Common wisdom says an adult will need at least eight hours of sleep per day. Reality is a lot more complicated than that, and the only way to find out how much sleep you need is by learning from experience. Never feel guilty for not sleeping “enough” — find out how much you require.

Depending on your life style and the way your body works, you may need as little as 6 hours or as much as 9. If you sleep a lot and still never feel rested, your problem is probably quality of sleep, not quantity of sleep.

The good news is that if you quit caffeine, learning how much sleep your body needs is extremely simple. Set your alarm clock for the same time every morning (yes, including the weekends). Then simply pay attention to when you get sleepy, and go to bed. Your body will adjust to the alarm clock and after a week or two you will have adapted to a pattern that tells you how much sleep you need.

Snoozing lets me feel more rested when I get up

The snooze time on modern alarm clocks is engineered to make sure you don’t fall back deeply asleep. This means that you don’t really get any rest during the snooze period… once your alarm clock wakes you up, you’ve lost the chance.

“But it feels better!”

Yes it does, which comes back to the way I mentioned that our brains wake up slowly — you simply allow your brain to slowly wake up with the constant interruptions by snoozing, to the point where you feel somewhat awake. The time is essentially wasted though, as you are not really getting any proper rest — you are better off getting up and accelerating the process of waking up.

The human body is adapted to sleep during the night

Our society is built around the cycle of day and night. For as long as we can remember in our history, people have lived by the daylight, before the invention of electric lighting. As our race evolved, farms were tended in daytime. It would make sense then to assume that our bodies have evolved to be active during daytime?

Still, this is a tiny moment in our history, and there are signs that we may have had a less strict way of life as cave men — that our bodies may not be wired to sleep through full nights, that we simply do so by cultural choice. It is likely that we slept when we felt tired, hunted or gathered when hungry and generally went about life in a more relaxed way before civilization. One sign is the way babies sleep, before being taught to sleep through a whole night.

Another interesting thing is how some countries have a siesta break during the day, where people sleep through the warmest part of the day. There are even those who practice “polyphasic sleep” — spreading sleep out in even chunks during the 24 hours of the day, making it more efficient as a bonus.

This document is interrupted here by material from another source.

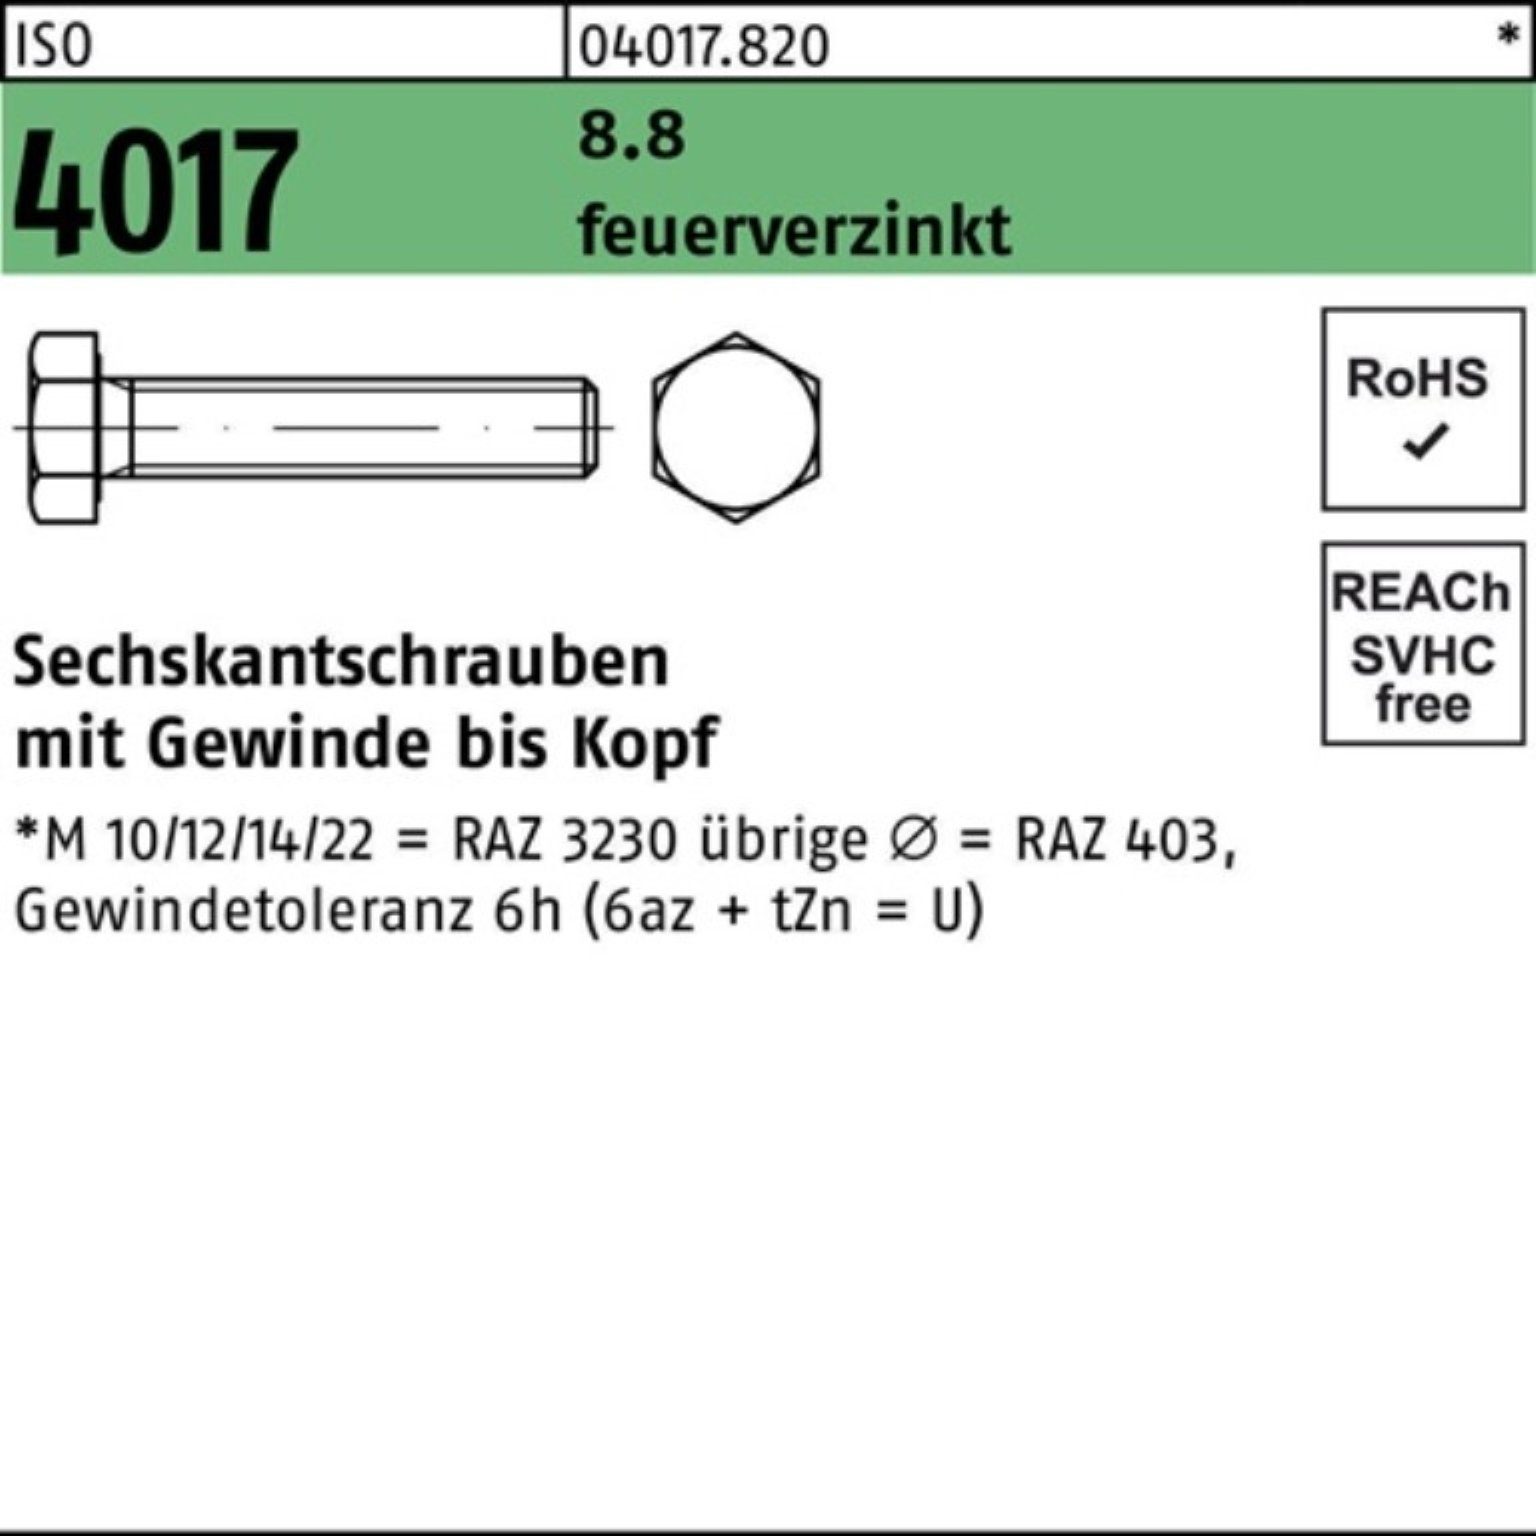 Bufab Pack 200 feuerverz. 8.8 4017 25 Sechskantschraube VG ISO Sechskantschraube 200er St M8x

Considering how broken and stiff your body can feel when you wake up after a full night’s sleep, there might be something to it. I find this highly interesting — so interesting I tried to adapt to it once. I learned a lot about myself and about sleep, but ultimately failed adapting… but I do intend to try again.


If you found these misconceptions interesting, I suggest you also read my previous article on How to Stop Being Tired and Start Living with Energy.

Images by orangeacid.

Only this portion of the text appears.